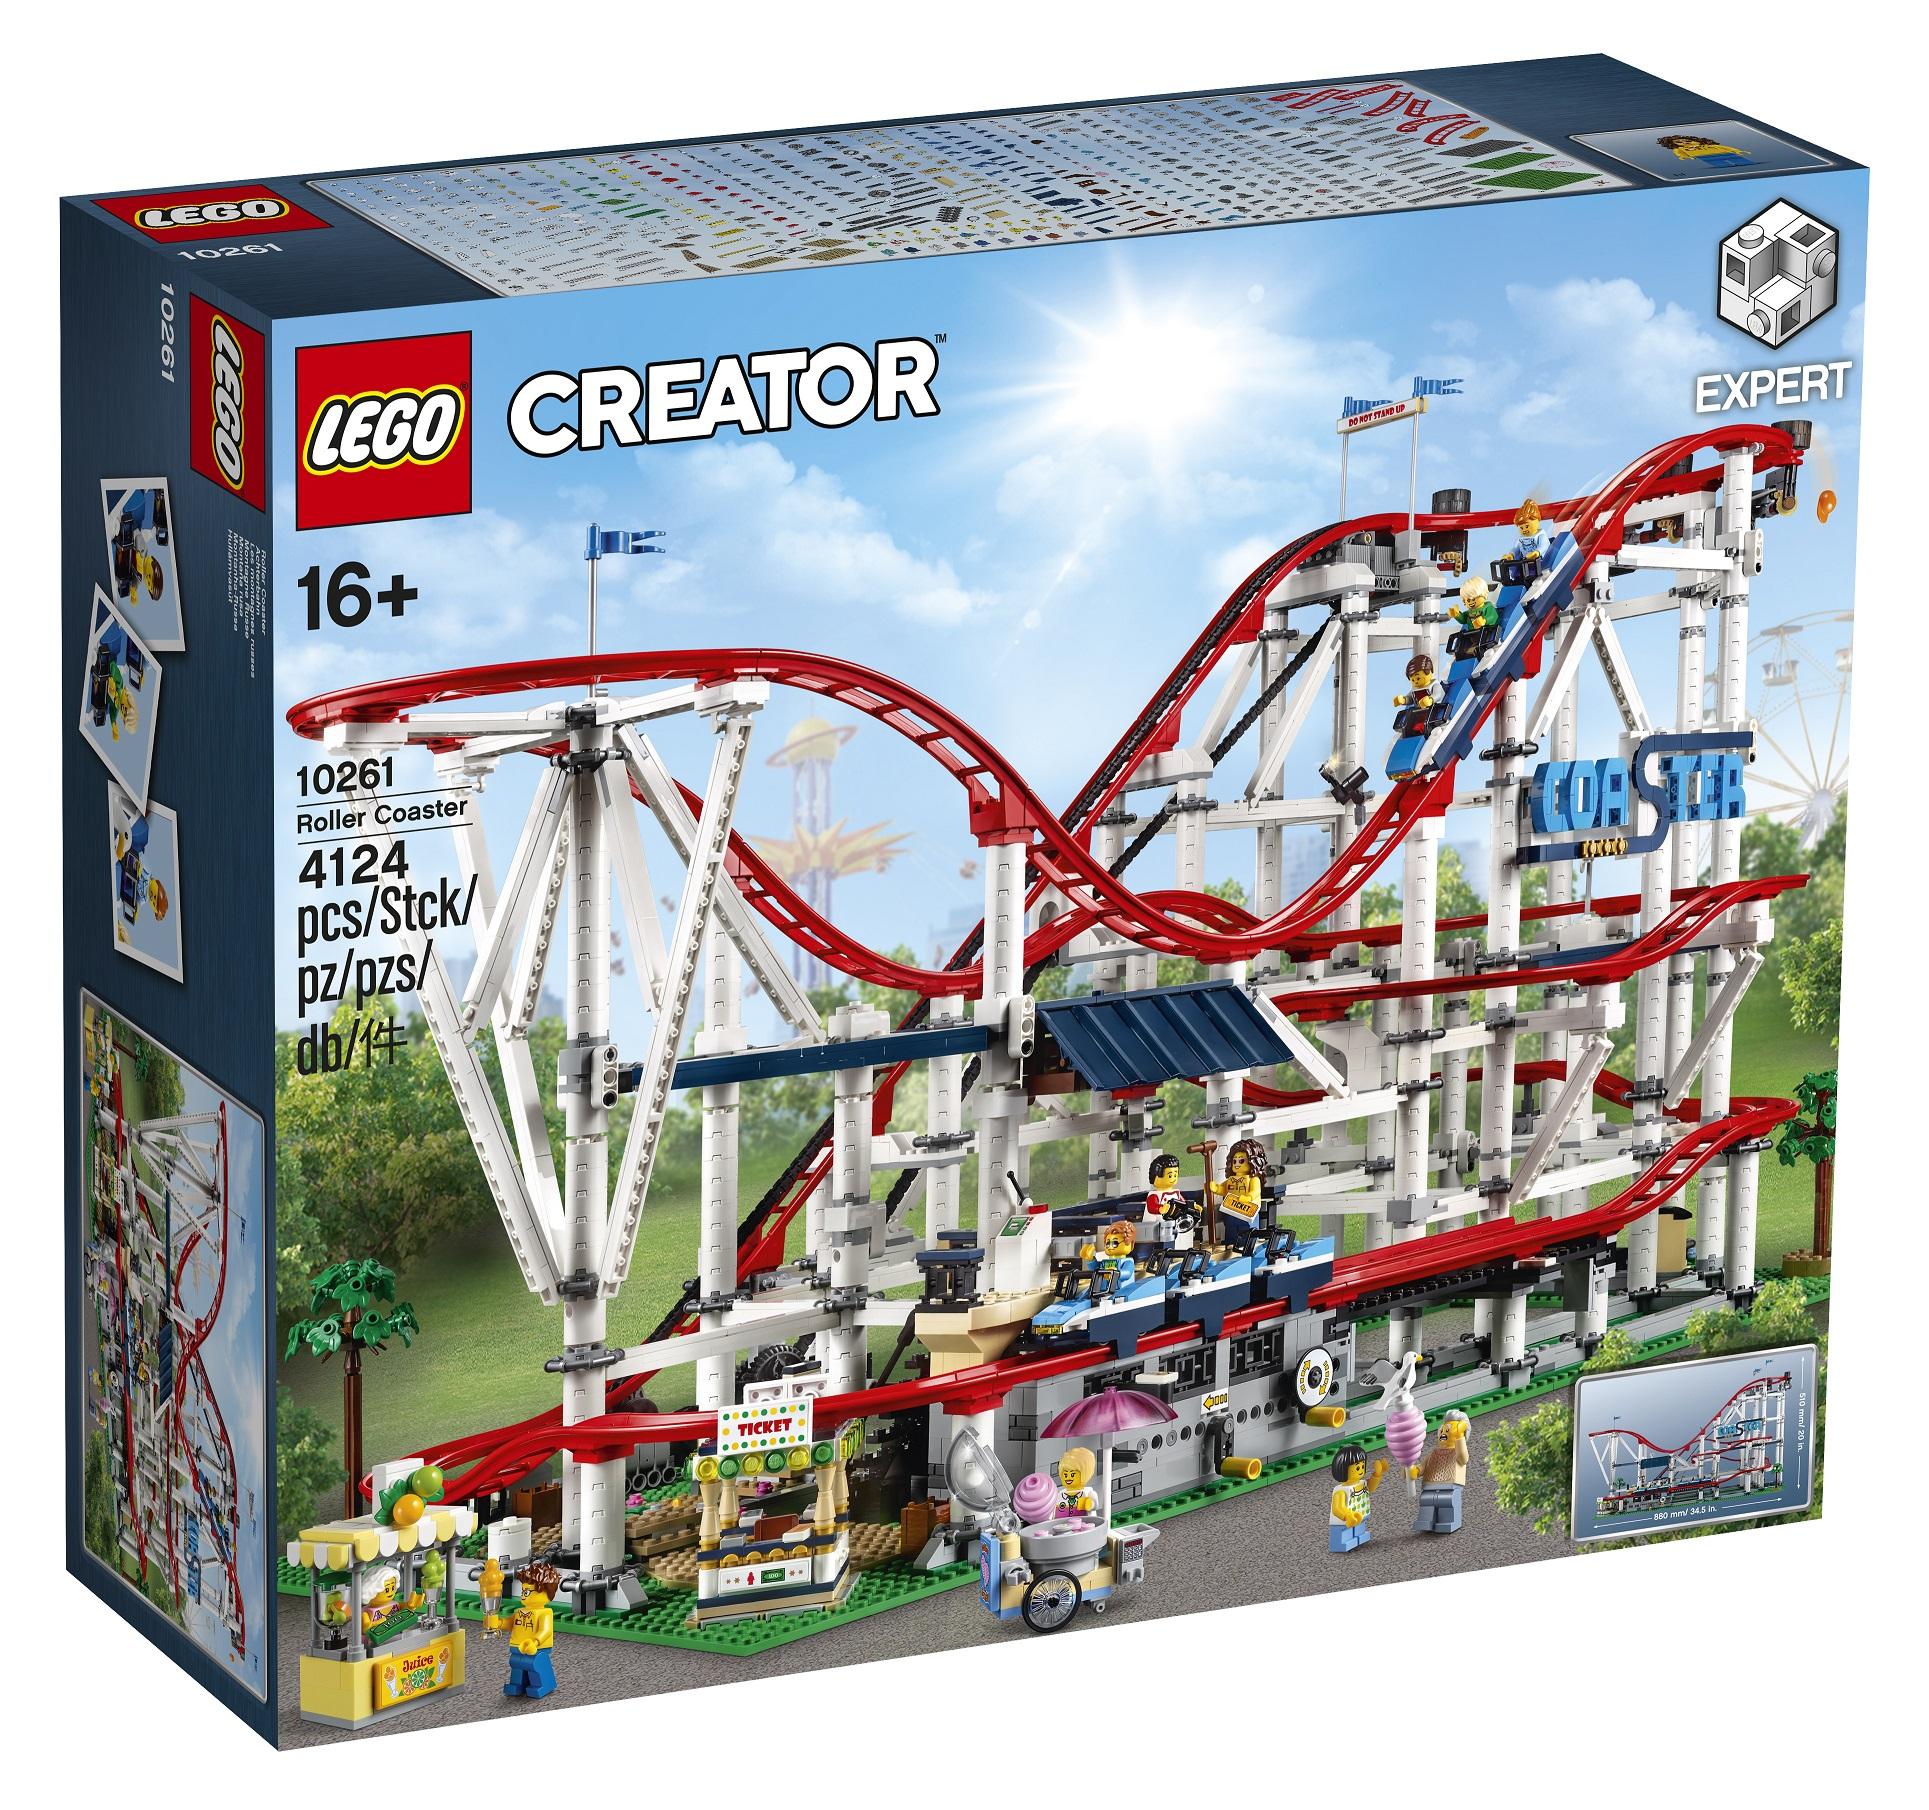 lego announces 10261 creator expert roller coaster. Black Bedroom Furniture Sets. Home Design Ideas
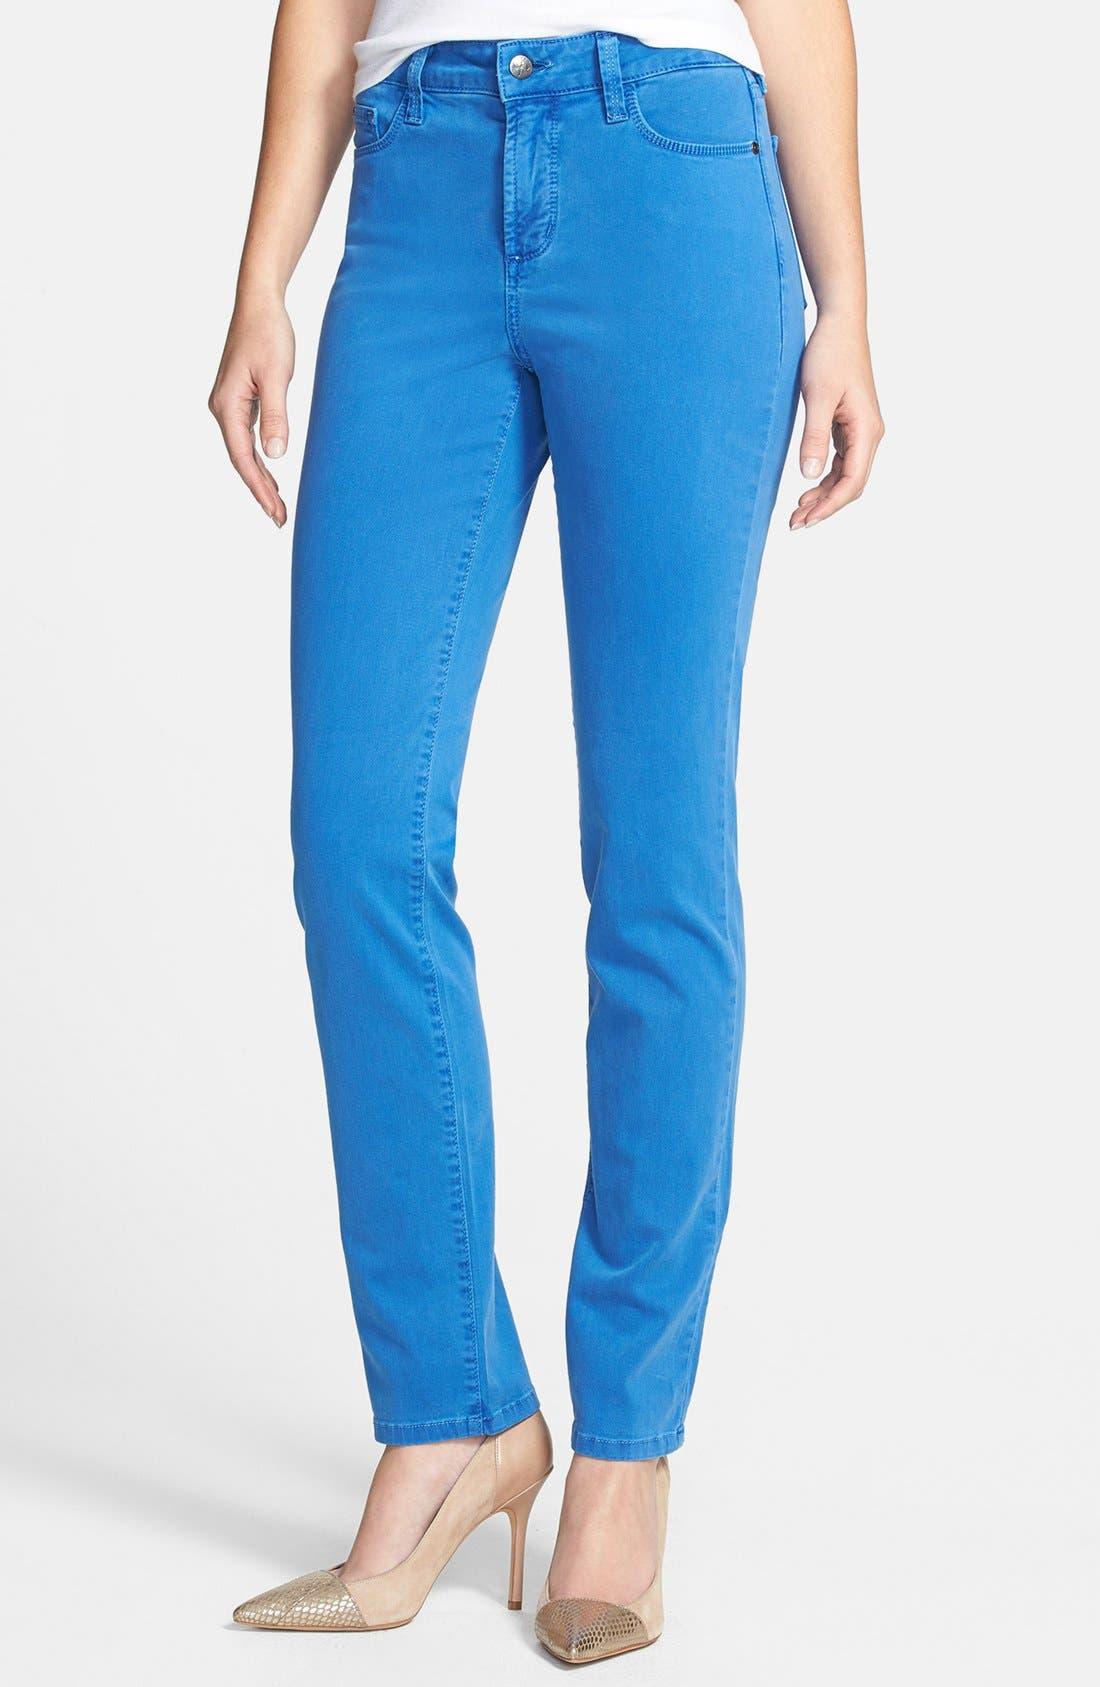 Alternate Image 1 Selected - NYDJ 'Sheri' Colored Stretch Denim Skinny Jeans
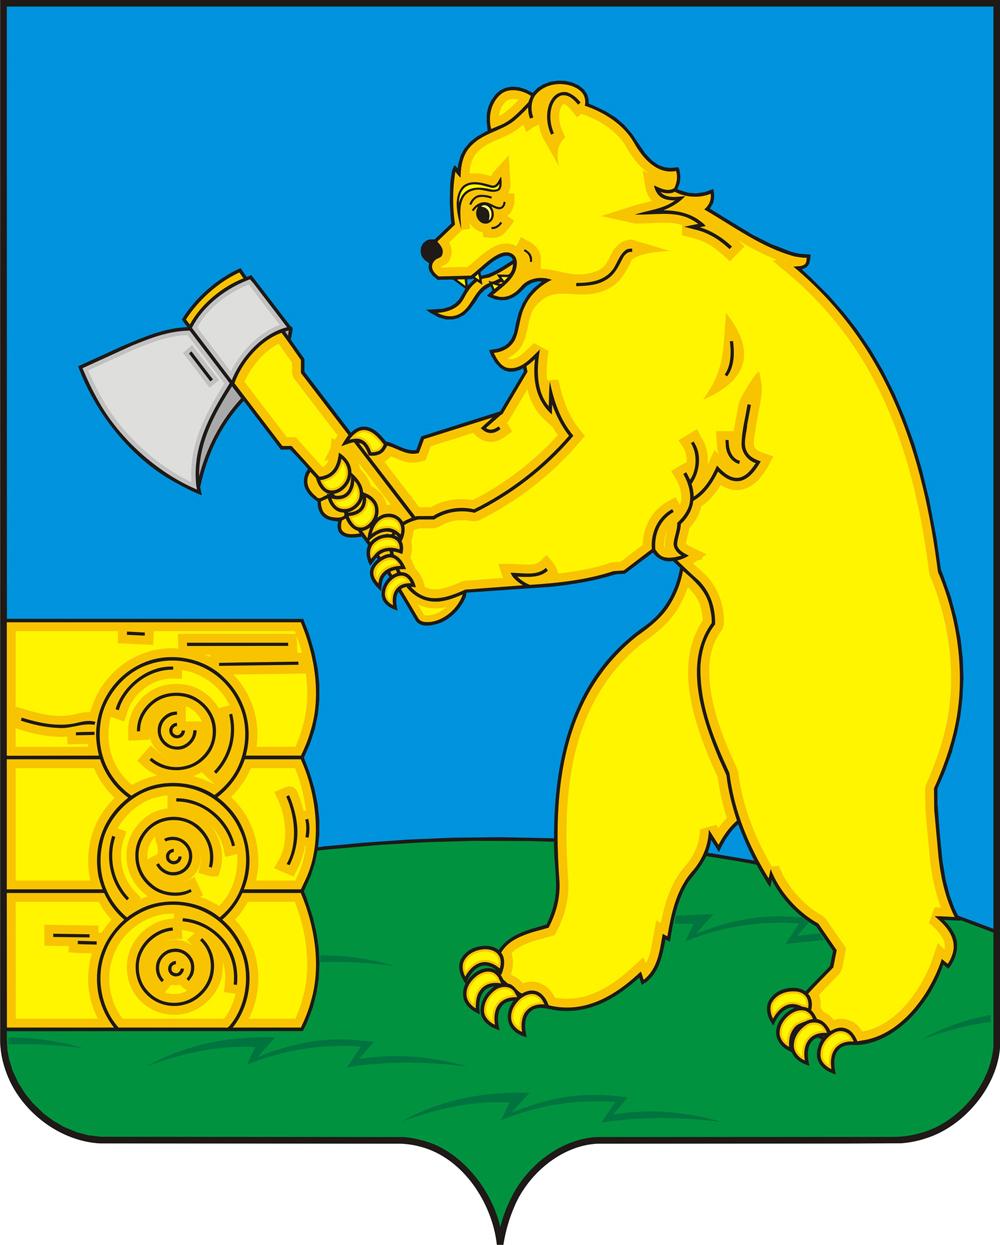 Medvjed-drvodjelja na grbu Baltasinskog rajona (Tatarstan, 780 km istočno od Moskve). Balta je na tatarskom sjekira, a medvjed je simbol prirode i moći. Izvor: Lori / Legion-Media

Instructions to follow =
All that the answer may contain is the exact text of the lines from the one with "Alternate Image 1" through the last line of the material, pictures excluded.

Final answer =
 Alternate Image 1 Selected - NYDJ 'Sheri' Colored Stretch Denim Skinny Jeans
 Medvjed-drvodjelja na grbu Baltasinskog rajona (Tatarstan, 780 km istočno od Moskve). Balta je na tatarskom sjekira, a medvjed je simbol prirode i moći. Izvor: Lori / Legion-Media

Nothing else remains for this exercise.